Task objective
Copy exactly the lines of the records below, and only those lines, beginning with the line that contains "کاهش 4 دلاری قیمت طلا" and ending with the line that contains "jean-michel buche 89 - Seventies 110x130".

Supplied records
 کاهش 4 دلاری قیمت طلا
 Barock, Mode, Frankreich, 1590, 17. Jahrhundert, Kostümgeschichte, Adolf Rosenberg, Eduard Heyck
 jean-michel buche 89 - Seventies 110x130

--

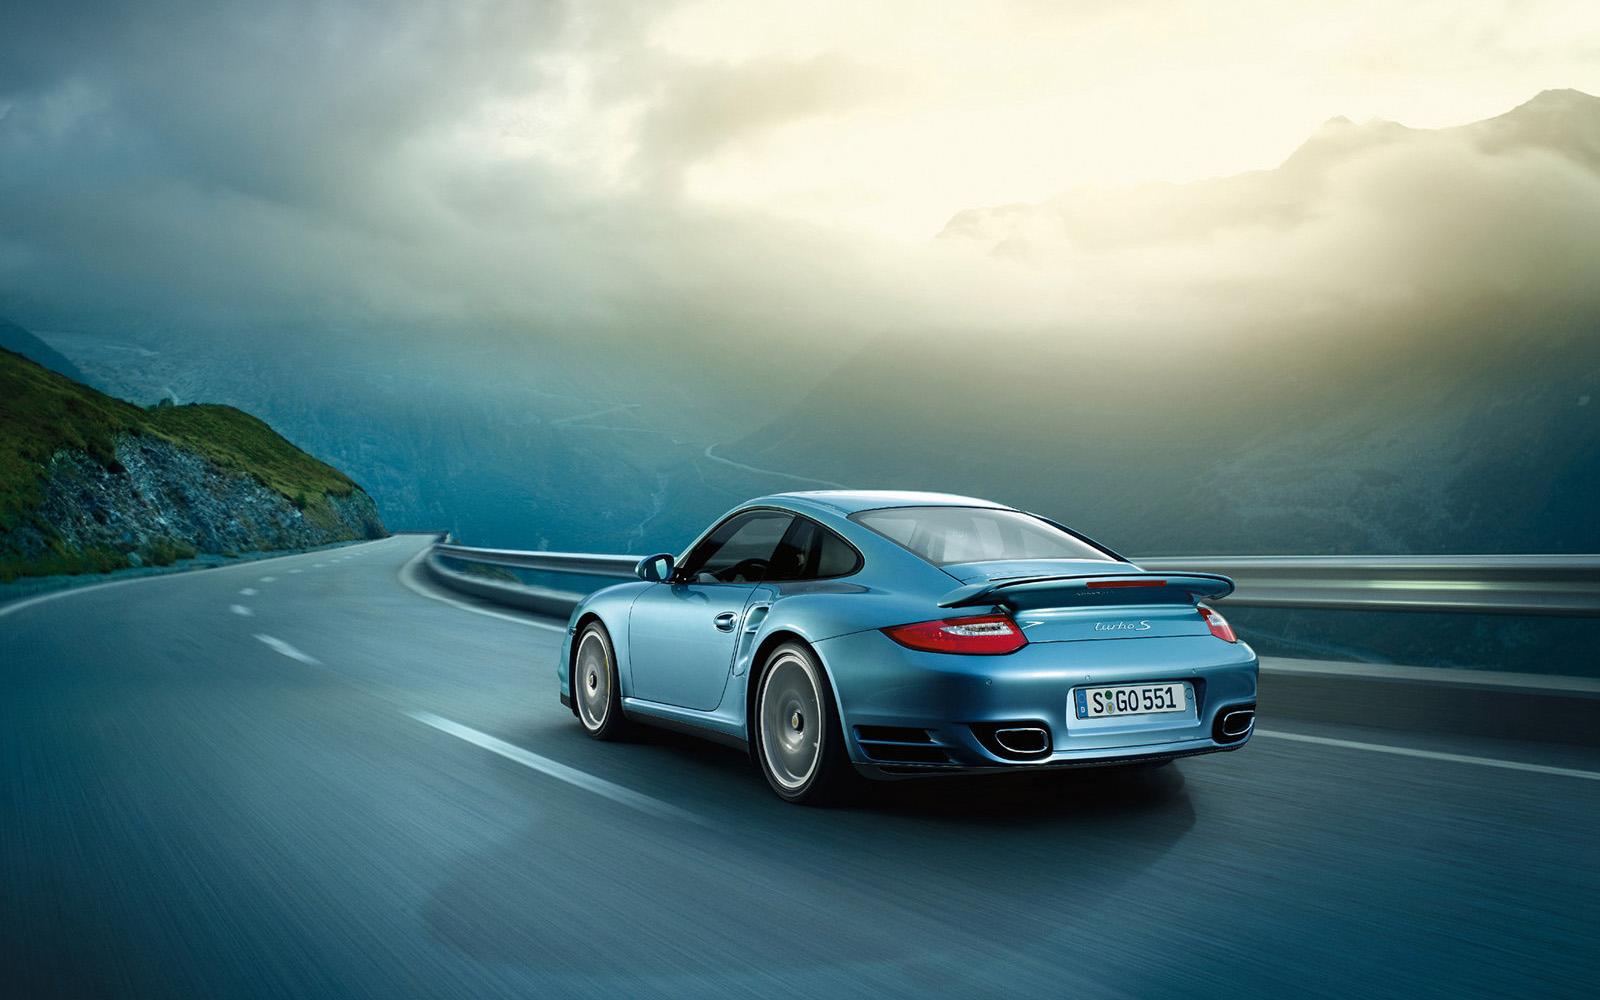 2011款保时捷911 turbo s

--

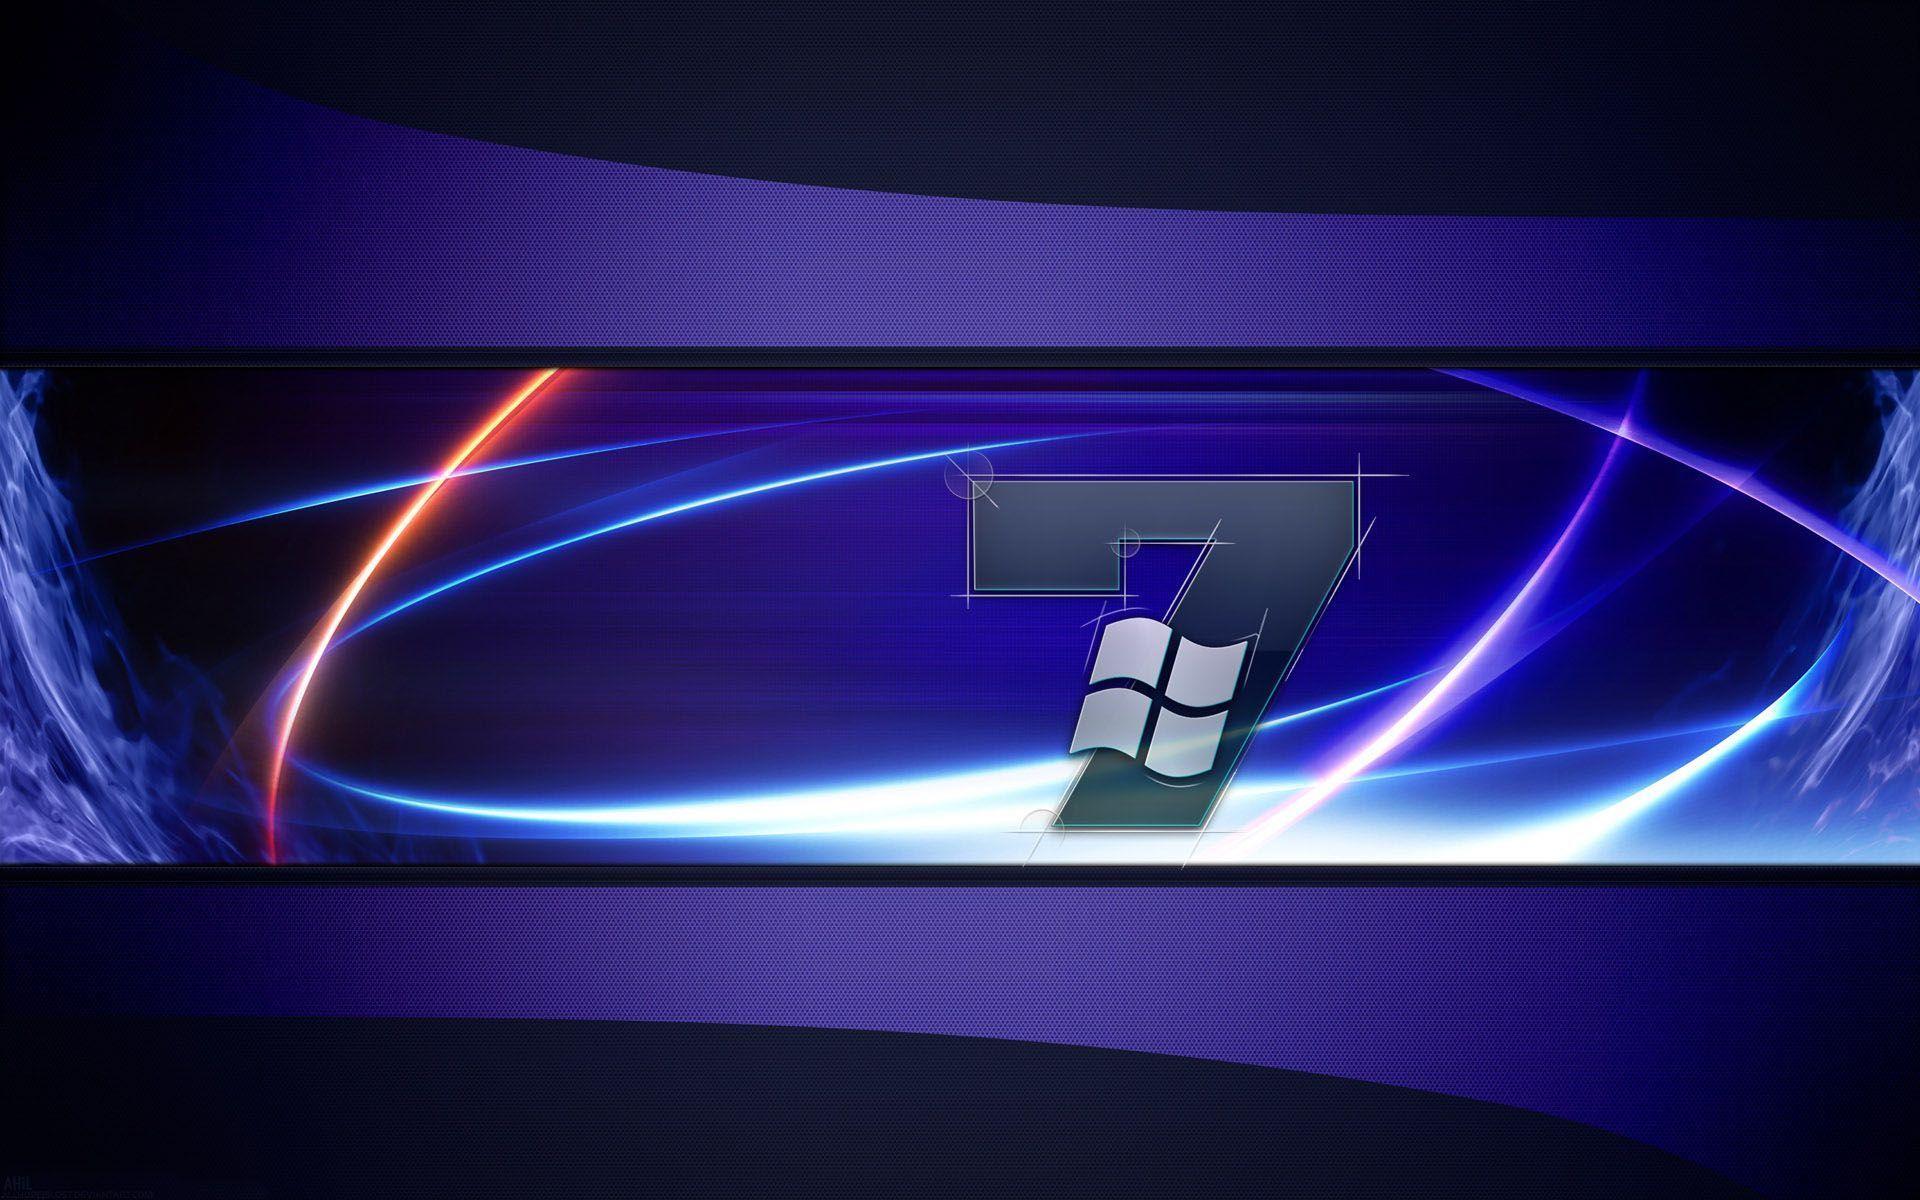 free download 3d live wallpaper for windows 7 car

Worked solution
 کاهش 4 دلاری قیمت طلا
 Barock, Mode, Frankreich, 1590, 17. Jahrhundert, Kostümgeschichte, Adolf Rosenberg, Eduard Heyck
 jean-michel buche 89 - Seventies 110x130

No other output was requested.